You said: I think that one should add that verbalized preference is both an attempt to glimpse the "territory" that is formalized preference, and the thing that causes formalized preferences to exist in the first place. It is at one and the same time a map and a foundation. On the other hand, your beliefs are only a map of how the world is. The world remains even if you don't have beliefs about it.
Verbalized preferences don't specify formal preference. People use their formal preference through arriving at moral intuitions in specific situations they understand, and can form verbalized preferences as heuristic rules describing what kinds of moral intuitions are observed to appear upon considering what situations. Verbalized preferences are plain and simple summaries of observations, common sense understanding of the hidden territory of the machinery in the brain that produces the moral intuition in an opaque manner. While verbalized preferences are able to capture the important dimensions of what formal preference is, they no more determine formal preference than Newton's laws, as written in a textbook, determine the way real world operates. They merely describe.
EDIT: And the conclusion to draw from this is that we can use our axiological intuitions to predict our formal preferences, in certain cases. In some cases, we might even predict perfectly: if you verbalize that you have some very simple preference, such as "I want there to be a brick on this table, and that's all I want", then your formal preference is just that. Human preferences are too big and unwieldy to predict this simply. We each have many many preferences, and they interact with each other in complex ways. But I still claim that we can make educated guesses. As I said, verbalized preferences are the foundation for formal preferences. A foundation does not, in a simple way, determine the building on it. But if you see a 12 foot by 12 foot foundation, you can probably guess that the building on top of it is not going to be the Eiffel Tower.
This is closer. Still, verbalized preference is observation, not the reality of formal preference itself. The goal of preference theory is basically in coming up with a better experimental set-up than moral intuition to study formal preference. This is like moving on from study of physics by making observations of natural phenomena with naked eye, to lab experiments with rulers, clocks, microscopes and so on.

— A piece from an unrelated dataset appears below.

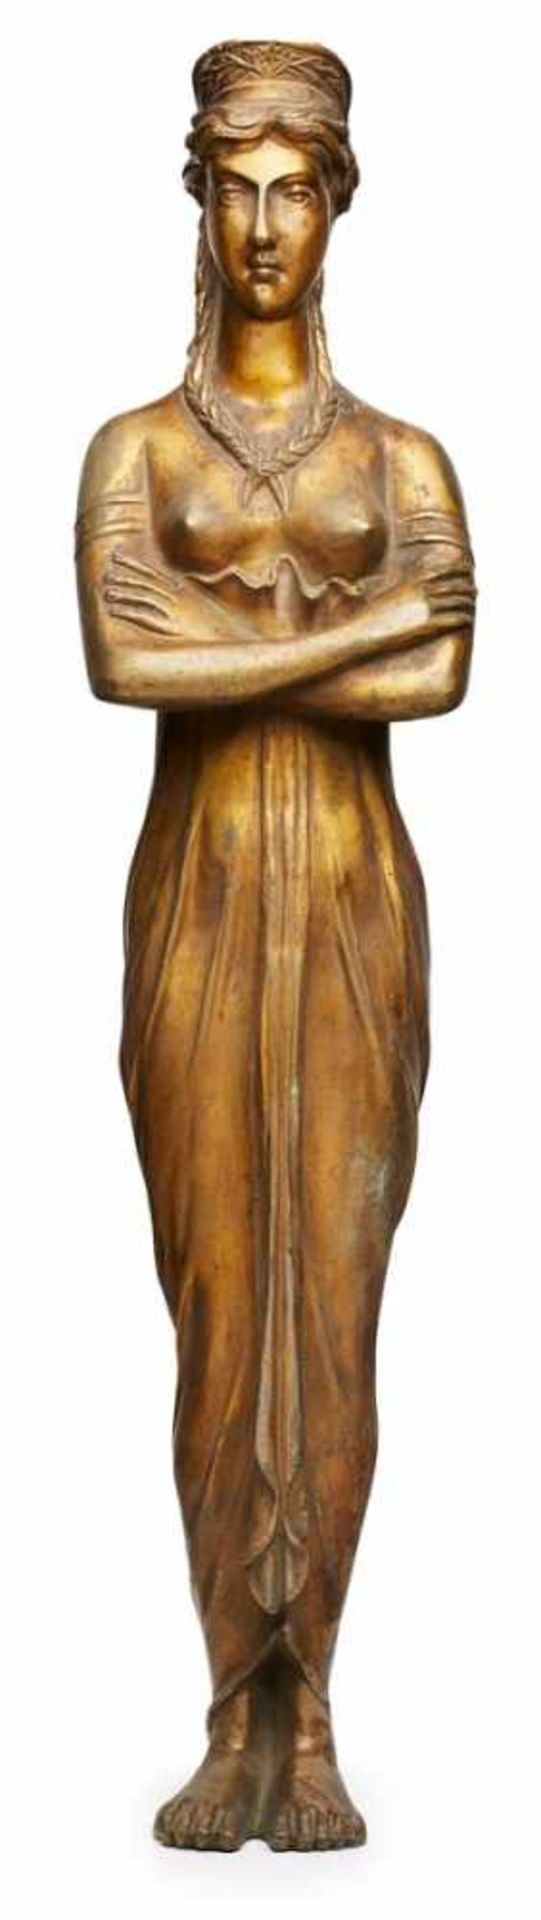 Bronze-Element aus MöbelKaryatide, Empire-Stil, um 1900. Braun patiniert. Schlanke Standfigur in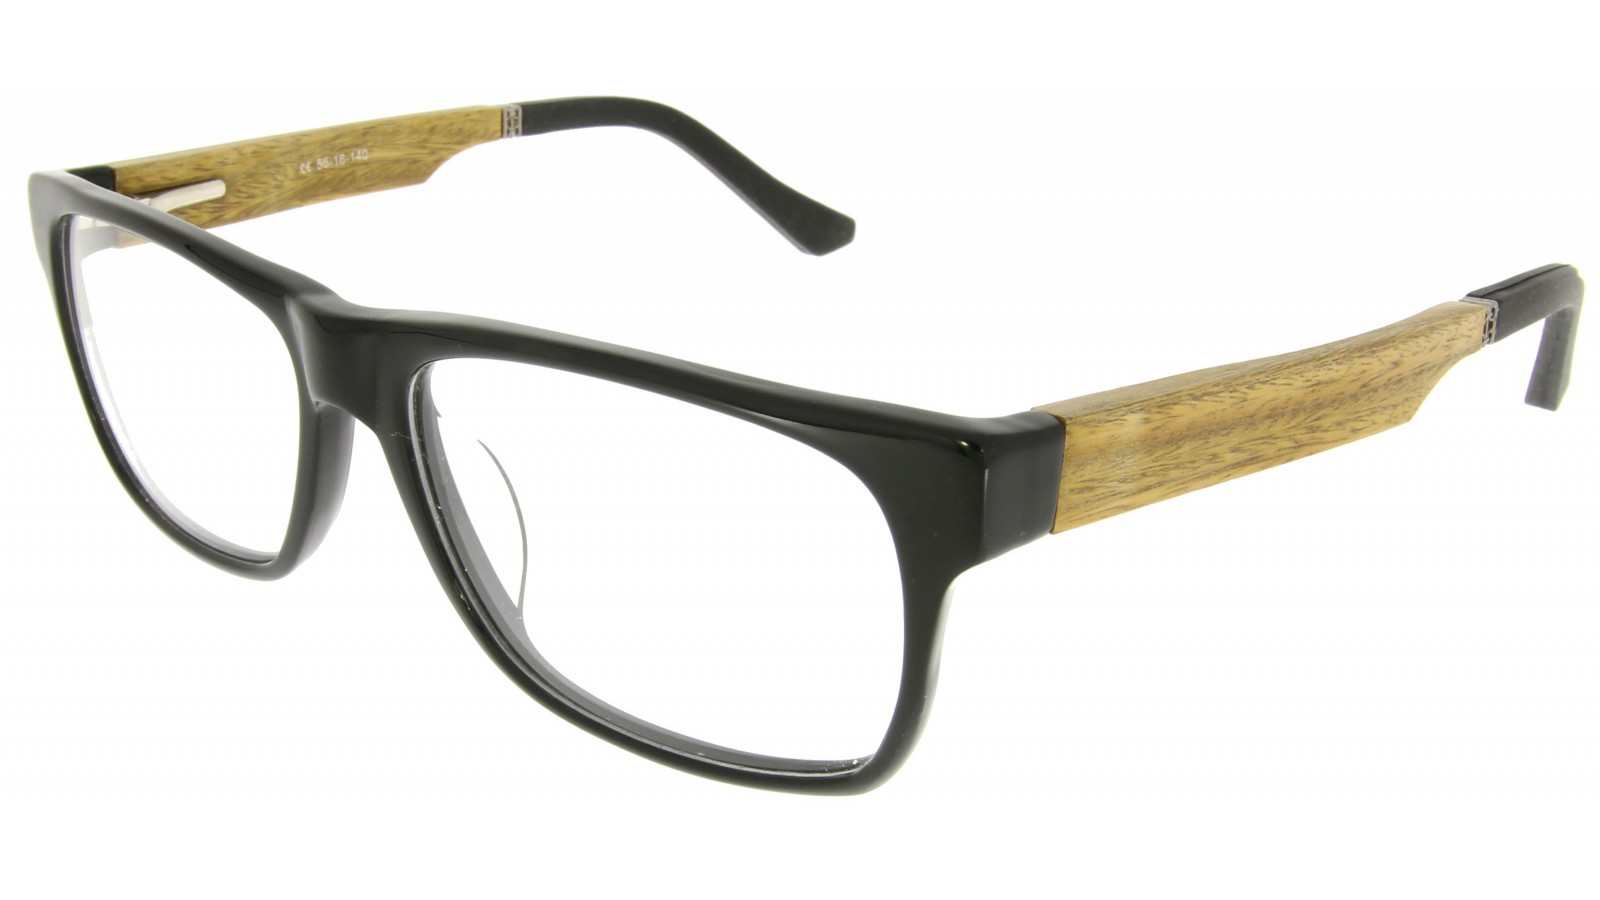 Schwarz-beige Brille mit Bügeln in Holzoptik

Moral intuition, as experienced by humans, is too fuzzy and limited experimental apparatus, even if you use it to observe the outcomes of carefully constructed experiments.
Your beliefs shape the world though, if you allow high-level concepts to affect low-level ones. Aside from being made of the world in the first place, your actions will follow in part from your beliefs. If you don't allow high-level concepts to affect low-level ones, then verbalized preference does not cause formalized preferences to exist.
I agree, I can almost hear Eliezer saying (correctly) that it's daft to try and tell the FAI what to do , you just give it it's values and let it rip. (if you knew what to do, you wouldn't need the AI) All this post has brought up is a problem that an AI might potentially have to solve. And sure it looks like a difficult problem, but it doesn't feel like one that can't be solved at all. I can think of several rubbish ways to make a bunch of humans think that they all have high status, a brain the size of a planet would think of a excellent one.
Isn't that what society currently does? Come up with numerous ways to blur and obscure the reality of where exactly you fall in the ranking, yet let you plausibly believe you're higher than you really are?
Isn't it that we each care about a particular status hierarchy? The WOW gamer doesn't care about the status hierarchy defined by physical strength and good looks. It's all about his 10 level 80 characters with maxed out gear, and his awesome computer with a Intel Core i7 975 Quad-Core 3.33Ghz cpu, 12GB of tri-channel DDR3, Dual SLIed GeForce GTX 260 graphics cards, 2 1TB hard drives, Bluray, and liquid cooling.
This issue came up on before in reply to a claim by Will Wilkinson that free market societies decrease conflict by having numerous different hierarchies so that everyone can be near the top in one of them. (Someone google-fu this?) The people replied that these different hiearchies actually exist within a meta-hierarchy that flattens it all out and retains a universal ranking for everyone, dashing the hopes that everyone can have high status. The #1 WOW player, in other words, is still below the #100 tennis player. Despite the ideological distance I have from them, I have to side with the folks on this one :-/ ETA: Holy Shi-ite! That discussion was from October '06! Should I be worried or encouraged by the fact that I can remember things like this from so long ago?
The crooked timber post is here []. On first glance it seems like a matter of degree: to the extent that there is such a universal ranking, it only fully defeats Wilkinson's point if the universal ranking and its consequences are the only ranking anyone cares about. As long as different people care differently about (the consequences of) different rankings, which it seems to me is often the case, everyone can rise in their favorite ranking and benefit more than others are harmed. ETA: though maybe the more hierarchies there are, the less good it feels to be #100 on any of them.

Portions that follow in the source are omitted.